>>>>

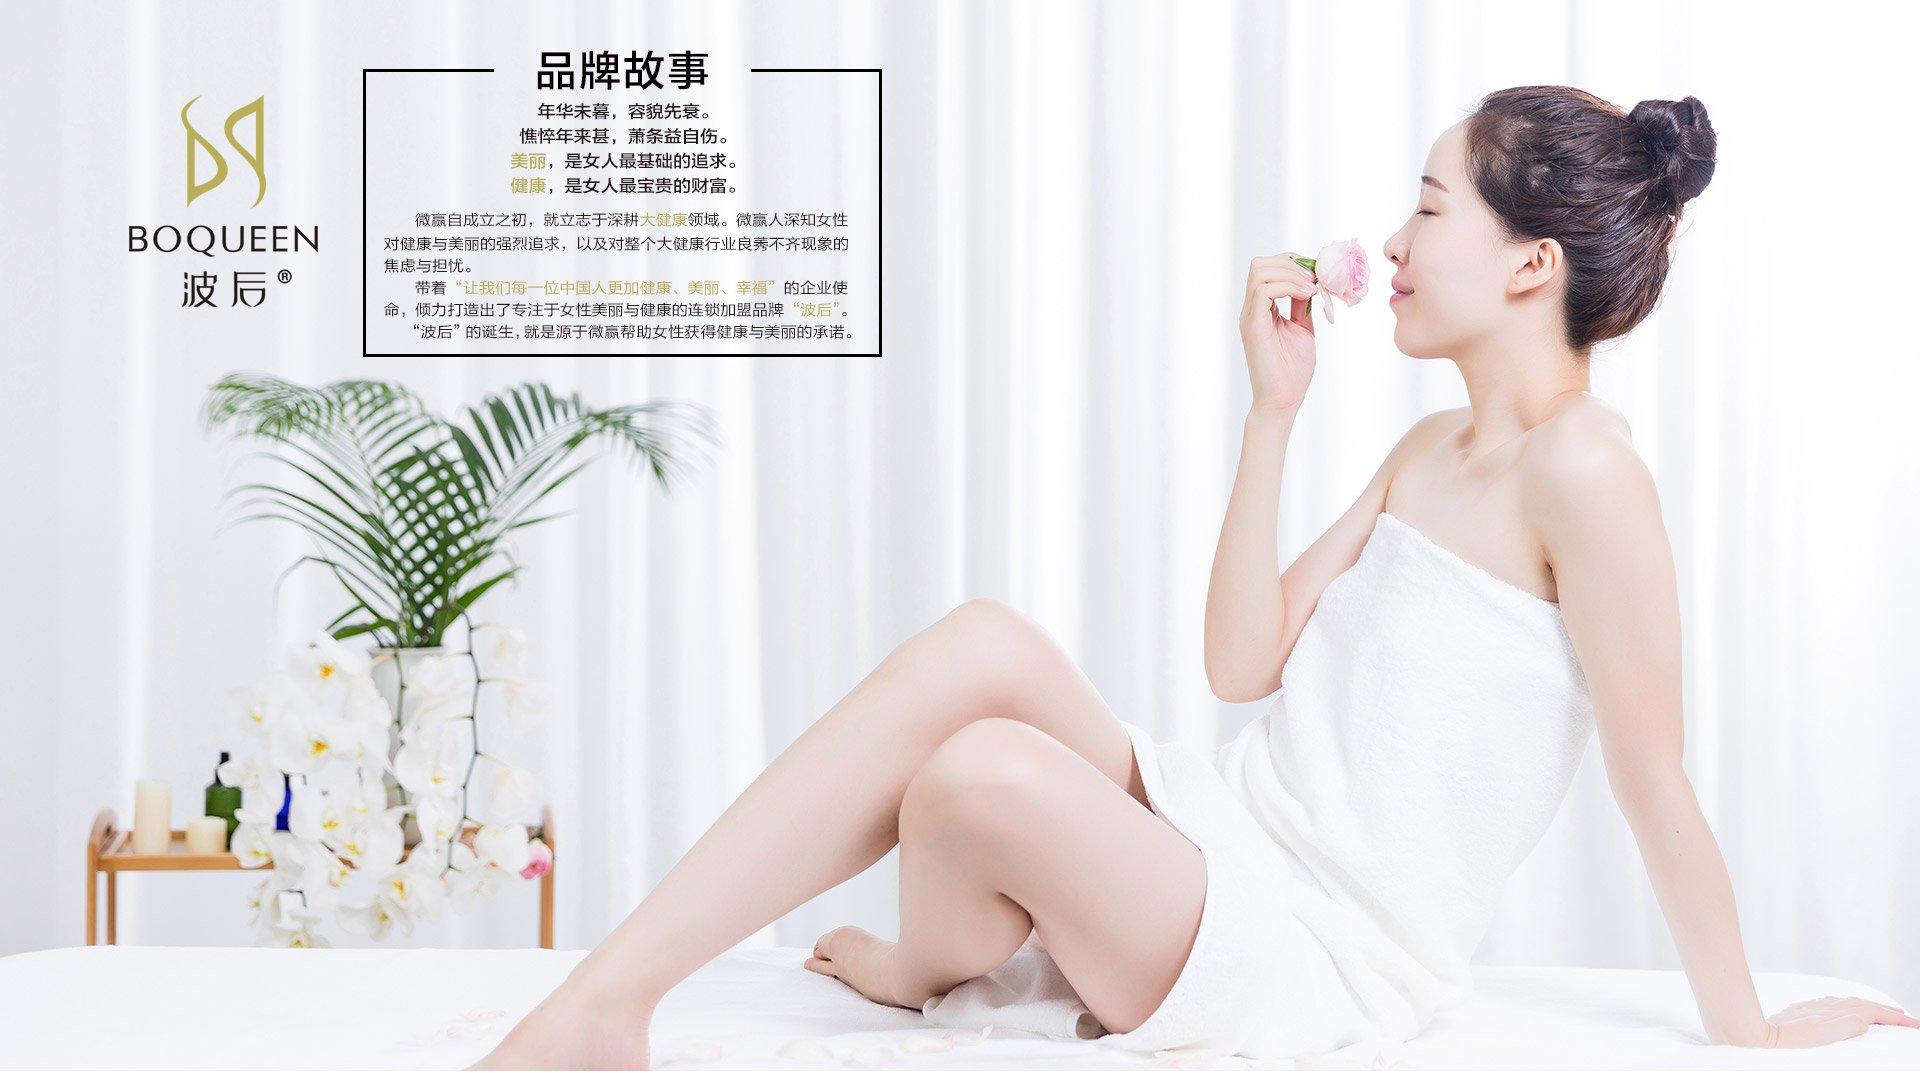 波后-女性健康护理品牌 (29)
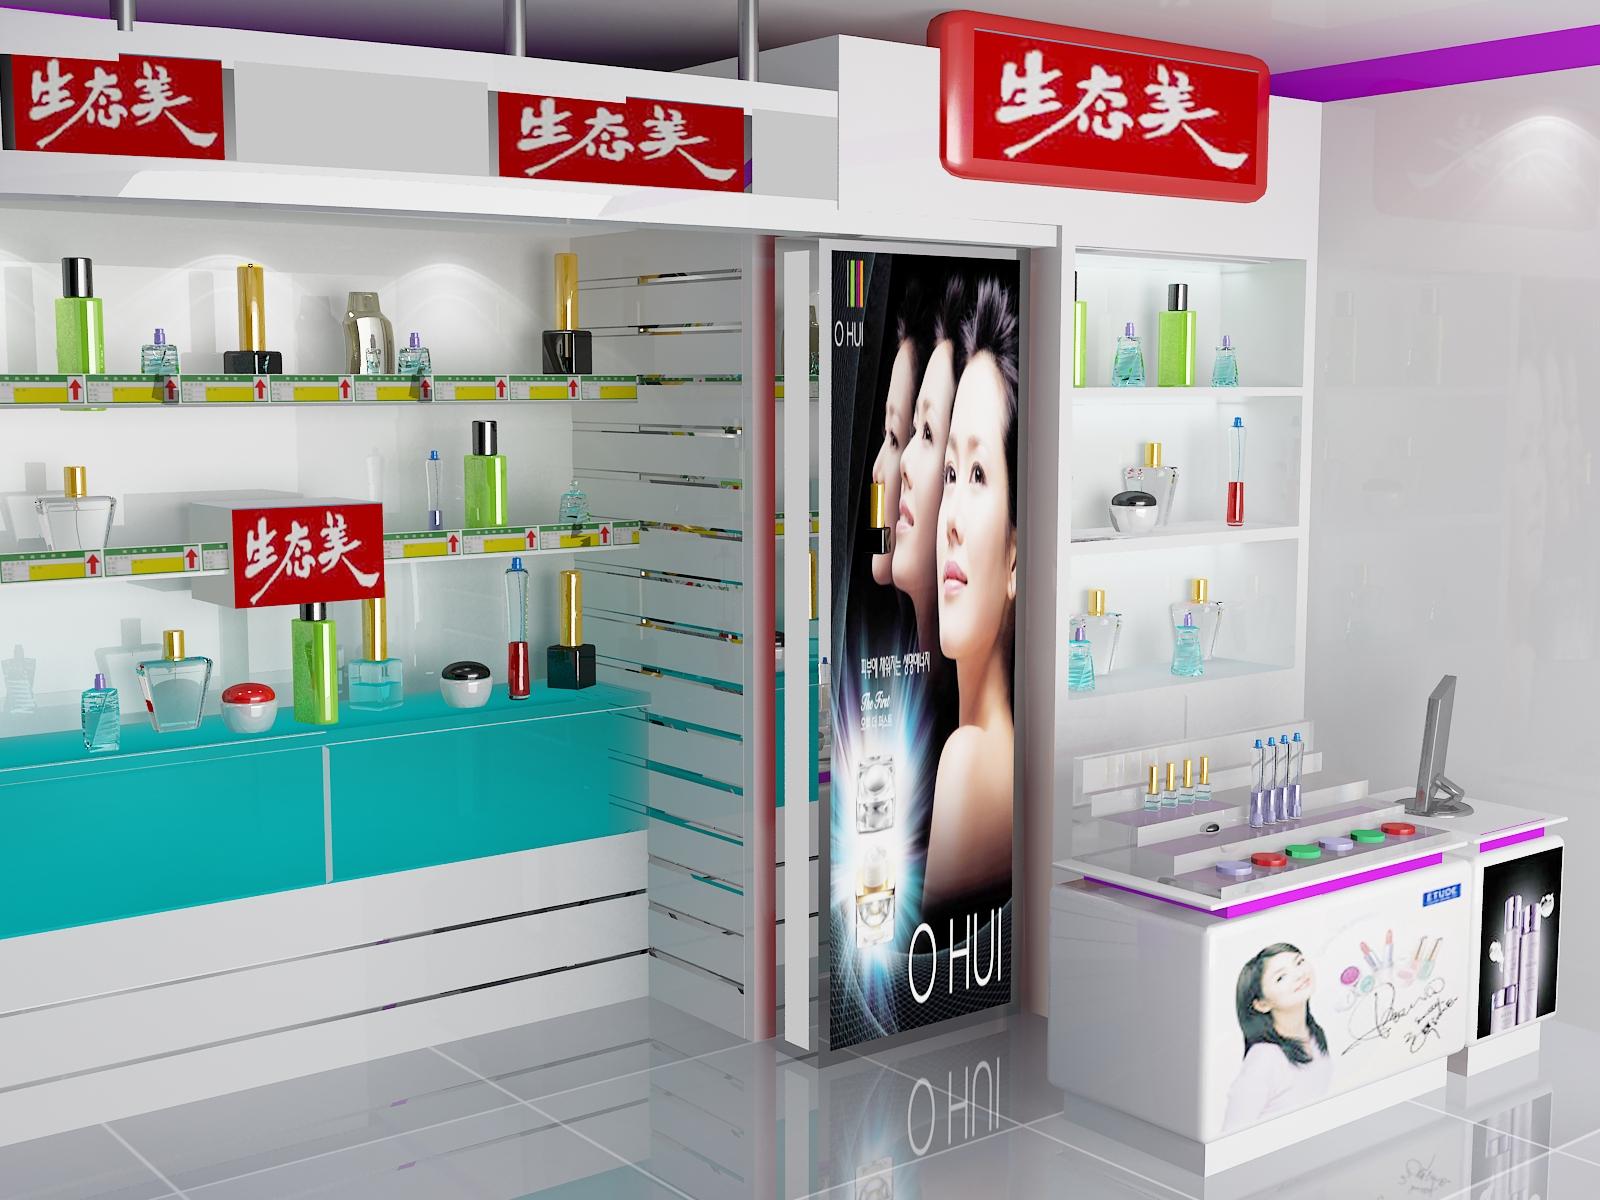 化妝品收銀臺和形象墻裝修效果圖設計
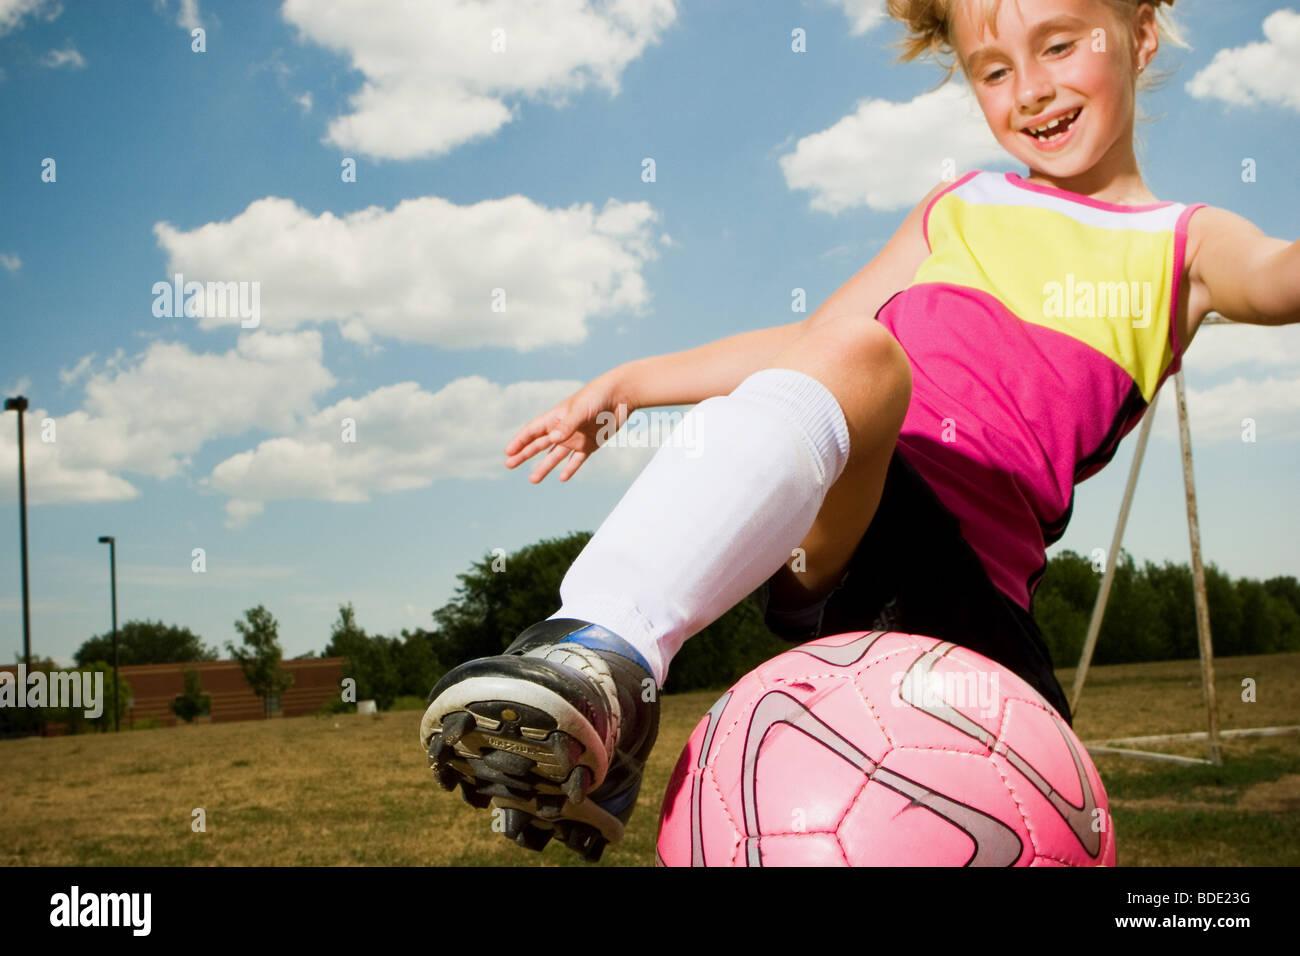 Mädchen Fußball spielen. Stockbild
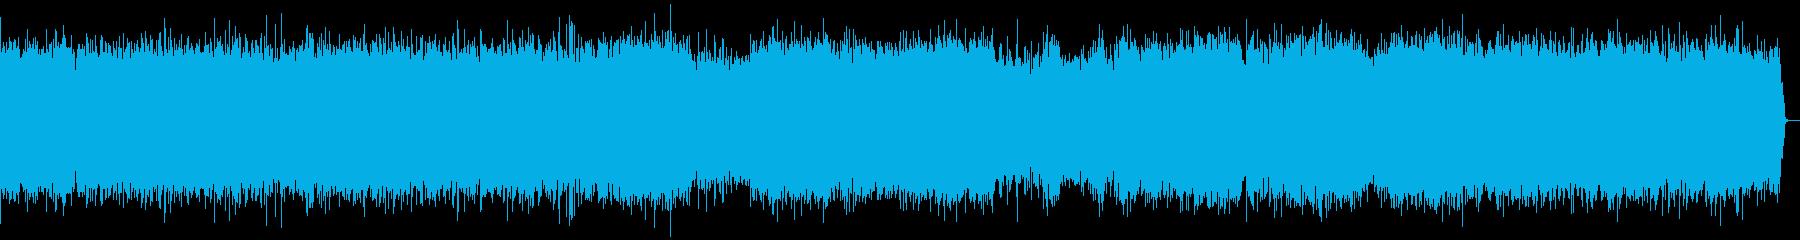 管弦楽組曲第一番 序曲の再生済みの波形
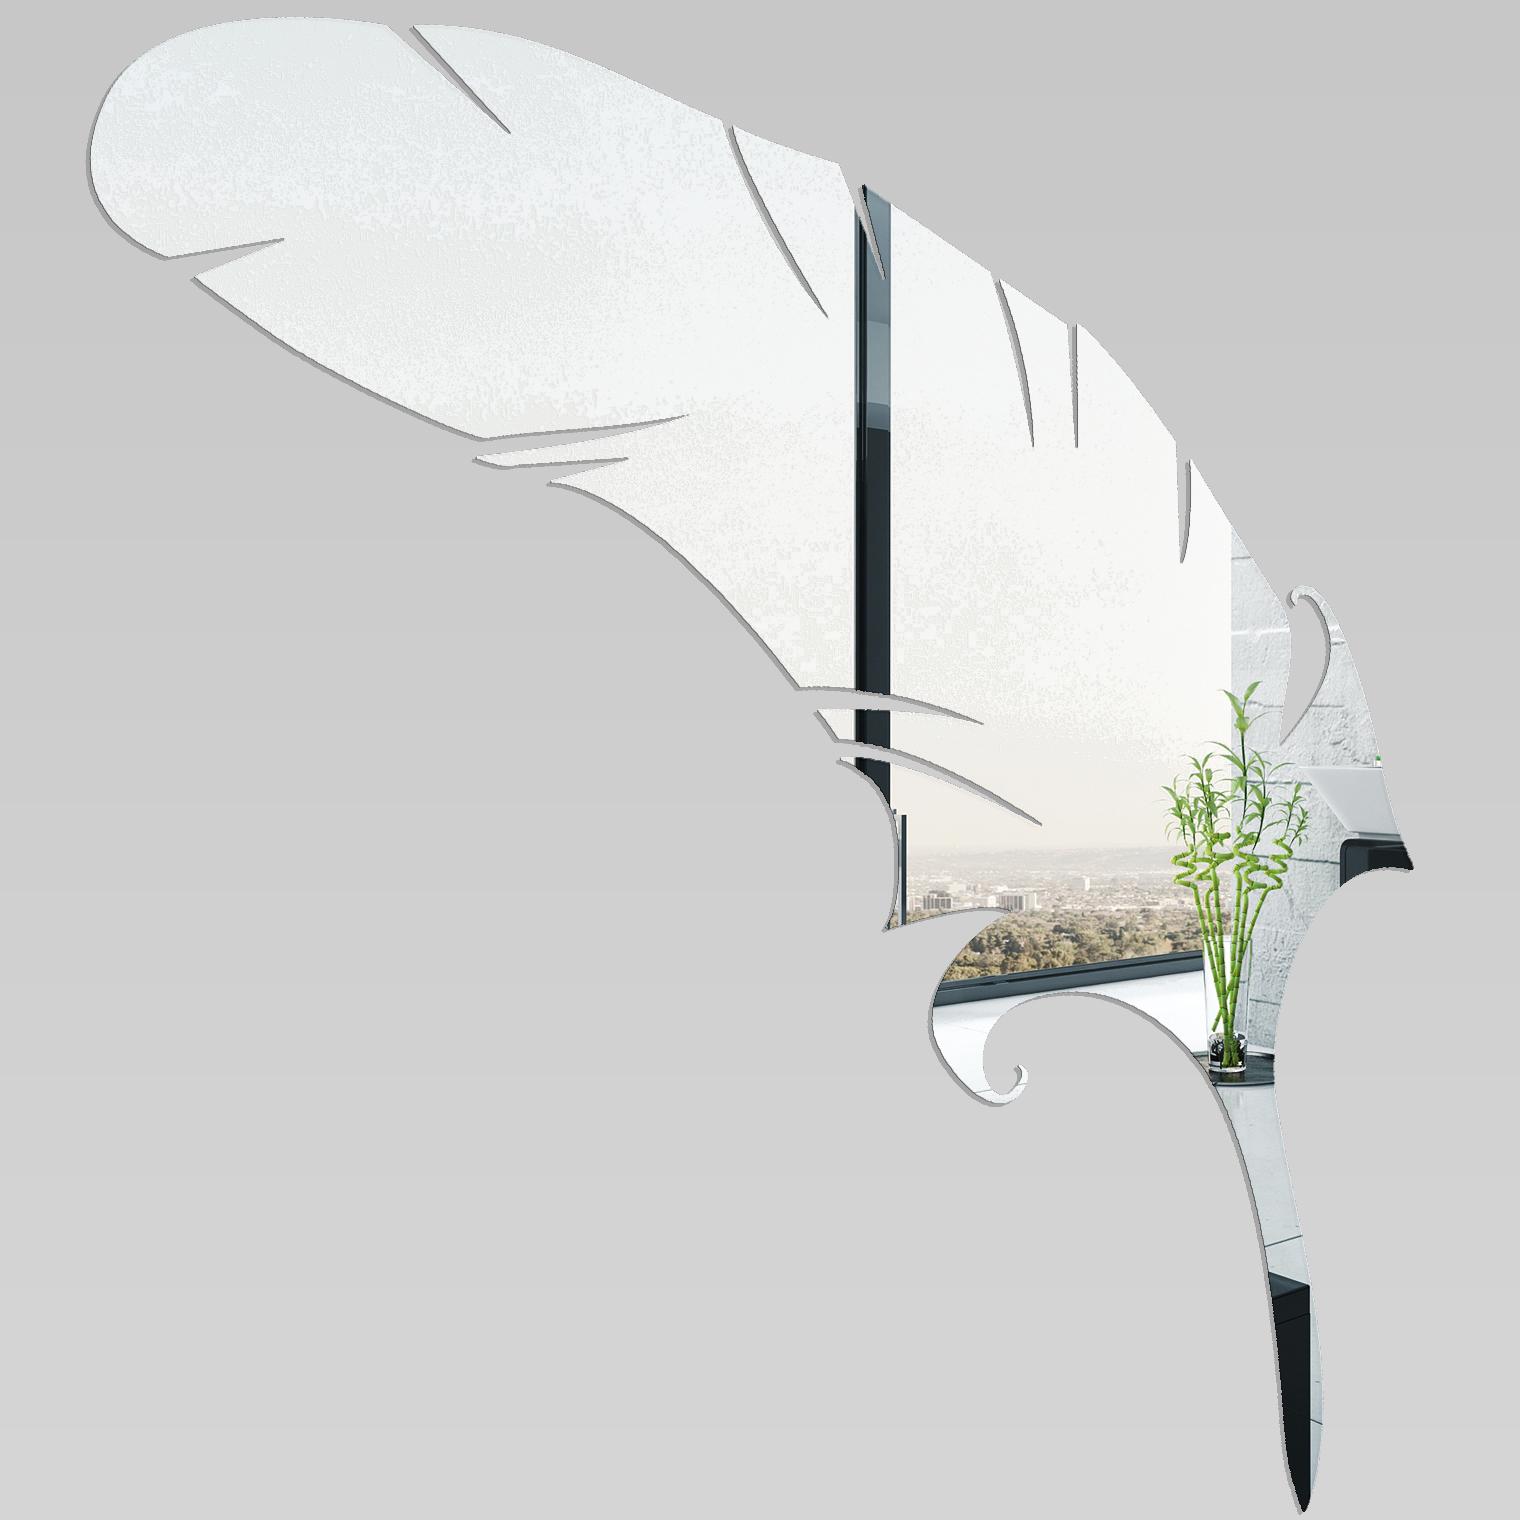 miroir plexiglass acrylique plume 1 pas cher ForMiroir Plume

<<<<

[Exercise aim] Every line of the listing must be reproduced exactly, though the pictures are to be left out.

[Task solution]
 波后-女性健康护理品牌 (29)
 化妝品收銀臺和形象墻裝修效果圖設計
 Mädchen Fußball spielen. Stockbild
 管弦楽組曲第一番 序曲の再生済みの波形
 miroir plexiglass acrylique plume 1 pas cher ForMiroir Plume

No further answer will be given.